Photograph of image imprinted on the Shroud of Turin.
Few things are so useful in focusing attention on the sufferings Christ endured in his passion for the sake of humanity as meditating on the mysterious image imprinted on the Shroud of Turin.
And the image on the shroud isn’t the only thing about the cloth that’s shrouded in mystery. According to a report yesterday out of Rome, newly disclosed historical evidence indicates the shroud may have been in possession of the Knights Templar in the 13th and 14th centuries.

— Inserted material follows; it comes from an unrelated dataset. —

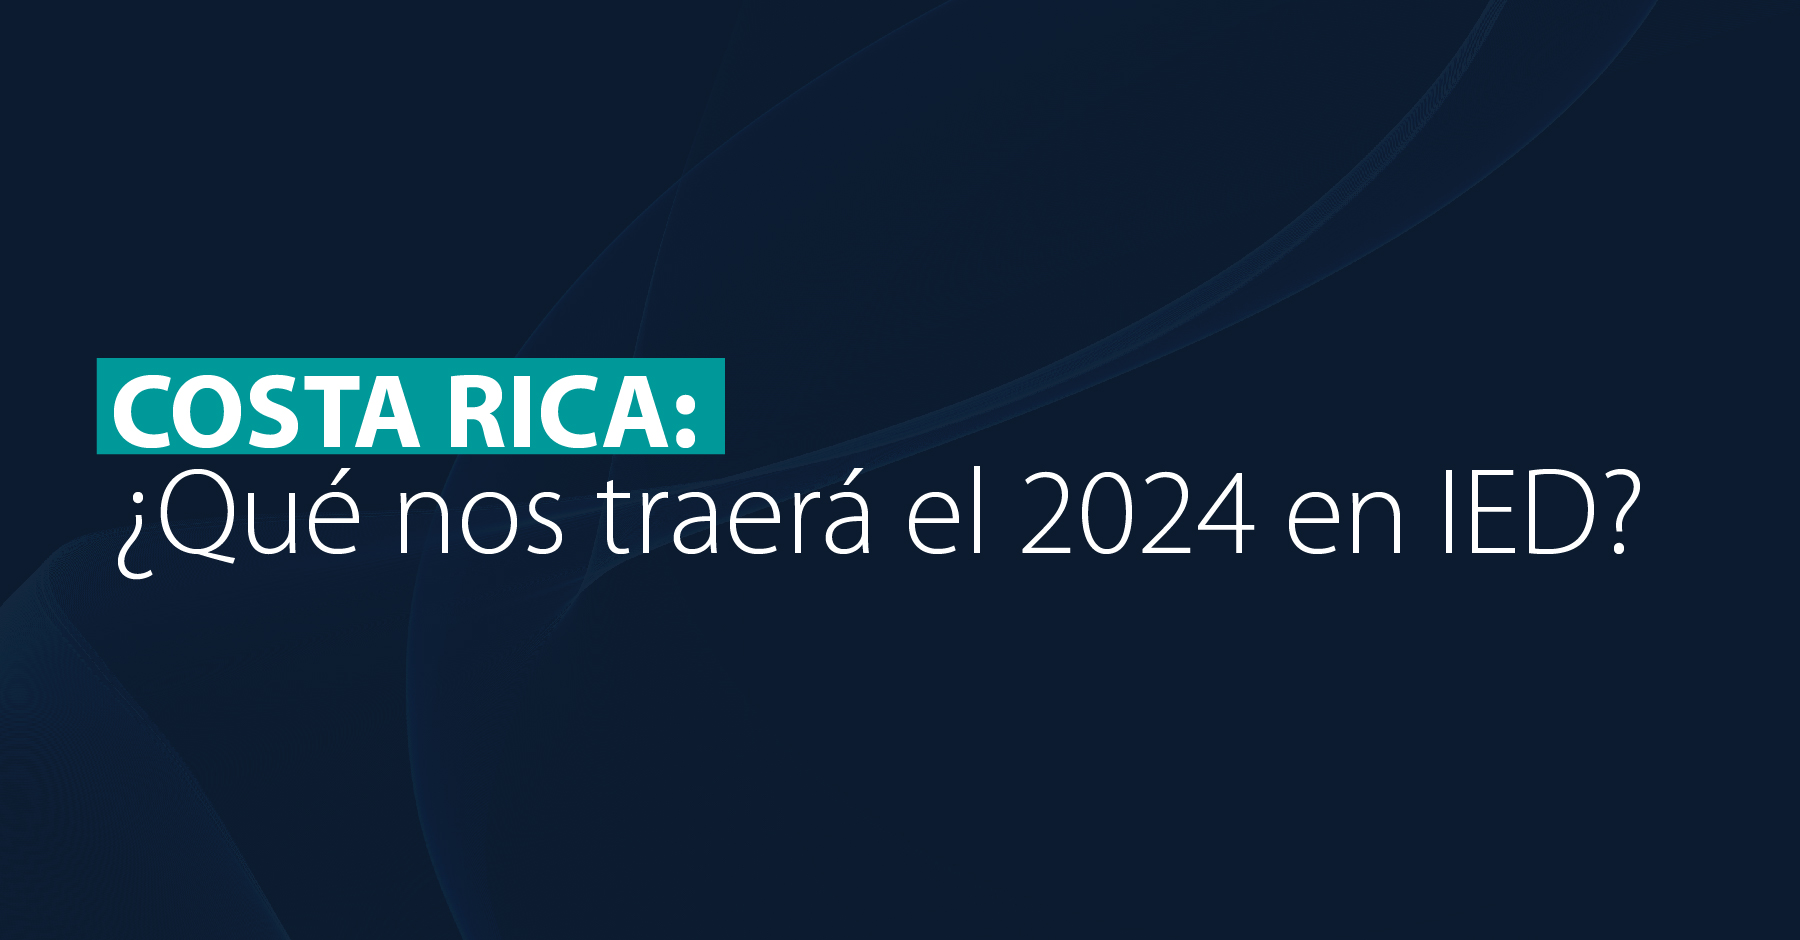 Costa Rica: ¿Qué nos traerá el 2024 en IED?

The Church has never pronounced on the authenticity of the mysterious image of the wounded Jesus that is imprinted on the shroud, which many Christians have long believed to be the actual burial cloth that was wrapped around Jesus after he was taken down from the cross of Calvary.
But contemporary researchers who have investigated the shroud have concluded there is no alternative scientific explanation that can account for the many remarkable aspects of the cloth, as you can read about here in an article we published last year.
Register subscribers can read more about the topic here, here, here and here in four more archived Register articles, all written by our shroud correspondent Shafer Parker Jr.
An article published April 6 by Catholic News Service provides a new twist on the history of the shroud, which also is a subject of discussion and dispute.
Vatican researcher Barbara Frale has found evidence “that the Knights Templar, the medieval crusading order, held secret custody of the Shroud of Turin during the 13th and 14th centuries,” CNS reports.
Go here to read all of CNS’s fascinating account of Frale’s research, which appears to substantiate a theory first put forward by British historian Ian Wilson in 1978.
It’s worth noting that the Knights Templar reportedly made use of the shroud for one of the same good purposes it can serve today: to reinforce sound Church doctrine about the reality of Christ’s humanity and the reality of the human suffering and death he experienced nearly 2,000 years ago.
Reports CNS, “The shroud, which bears the image of a man and is believed by many to have been the burial cloth of Jesus, was probably used in a secret Templar ritual to underline Christ’s humanity in the face of popular heresies of the time, [Frale] said.”